La libertad de expresión no es algo acabado, donde todo está escrito y todo está dicho. En realidad, es un derecho en permanente tensión con otros derechos, que se construye o destruye de forma diaria. Los límites de la libertad de expresión son móviles y se establecen a golpe de duras luchas que implican leyes, fallos jurídicos y ese corpus llamado “estándares internacionales”, donde hay sentencias de cortes internacionales, pronunciamientos de expertos, resoluciones de organismos internacionales, interpretaciones, etc.
Todo este debate no es siempre pacífico y tampoco es blanco y negro. Una de las discusiones más vehementes que se tiene hoy mismo es sobre el discurso de odio que no es lo mismo que lenguaje discriminatorio.
Este domingo, desde un programa de TV en estreno se insultó al nuevo presidente de la CONAIE, al llamarlo “cabrón”, palabra que se utilizó como un acrónimo de “campesino, anarquista, bronquista, relevante, obsesivo, narcisista”. Puede disgustar a muchos, pero el insulto puede ser una forma legítima de expresión.

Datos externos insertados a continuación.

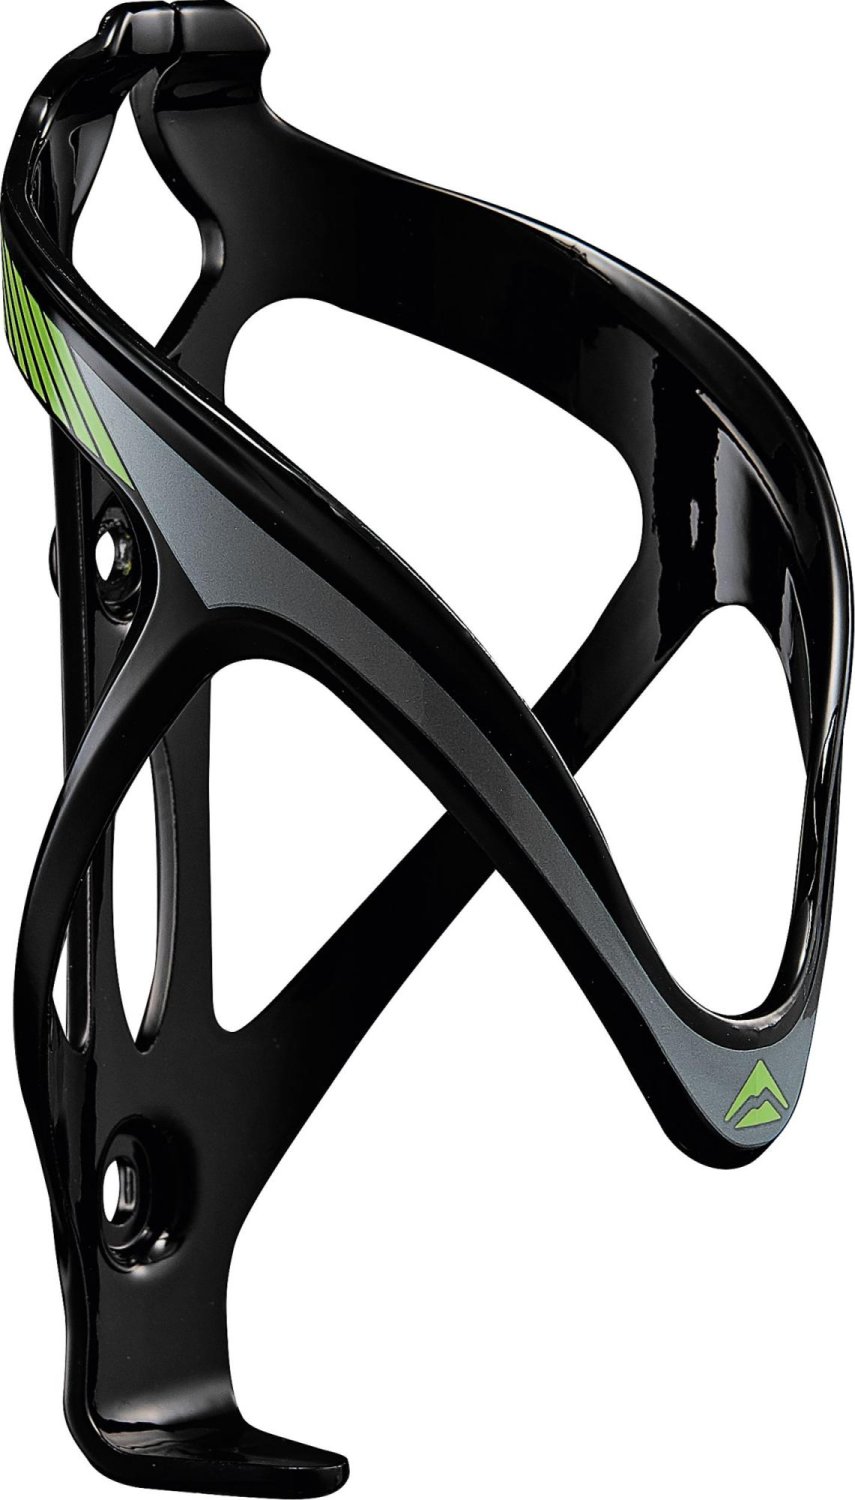 Флягодержатель велосипедный Merida, Plastic, 30гр. Black/Green/Grey, 2124003397 флягодержатель велосипедный bbb speedcage серый алюминий bbc 31

Las figuras públicas, muchas veces, pueden ser blanco de expresiones injustas, de mal gusto, satíricas, hirientes y los estándares nos dicen que deben ser tolerantes a las mismas. No obstante, también hay un límite para lo admisible, más aún, cuando se tratan de expresiones difundidas en un canal de televisión de alcance nacional, en horario de enorme sintonía y bajo administración estatal. Ese límite es la vulneración a la dignidad humana y la promoción de la violencia.
El propio Artículo 13 de la Convención Americana de DDHH lo señala en su inciso 5to:
“Estará prohibida por la ley toda propaganda en favor de la guerra y toda apología del odio nacional, racial o religioso que constituyan incitaciones a la violencia o cualquier otra acción ilegal similar contra cualquier persona o grupo de personas, por ningún motivo, inclusive los de raza, color, religión, idioma u origen nacional.”
Cuando la ironía se transforma en insulto y este, además, es acompañado de expresiones violentas como lanzar dardos a la imagen de una persona, se ha traspasado el límite y es posible que incluso se haya transgredido leyes expresas que castigan el delito de odio. Y volvemos a repetir los agravantes: en televisión de alcance nacional, horario estelar y bajo administración estatal.
Es por eso que no bastan disculpas por Twitter. El canal de televisión TC Televisión debe hacer un mea culpa sin matices, explicar porque no han funcionado procesos internos de calidad periodística para evaluar los productos que se emiten al aire, más cuando son producidos con dineros del contribuyente.
A su vez, vemos con simpatía el saludable debate iniciado desde diversos sectores periodísticos que han reaccionado señalando, claramente, que la búsqueda indiscriminada y sin límite de audiencia y de réditos económicos no puede reemplazar a la ética y el rigor periodístico. Con ese debate, es justamente como se construye autorregulación, la cual debe conducirnos a un ejercicio inteligente y respetuoso del periodismo.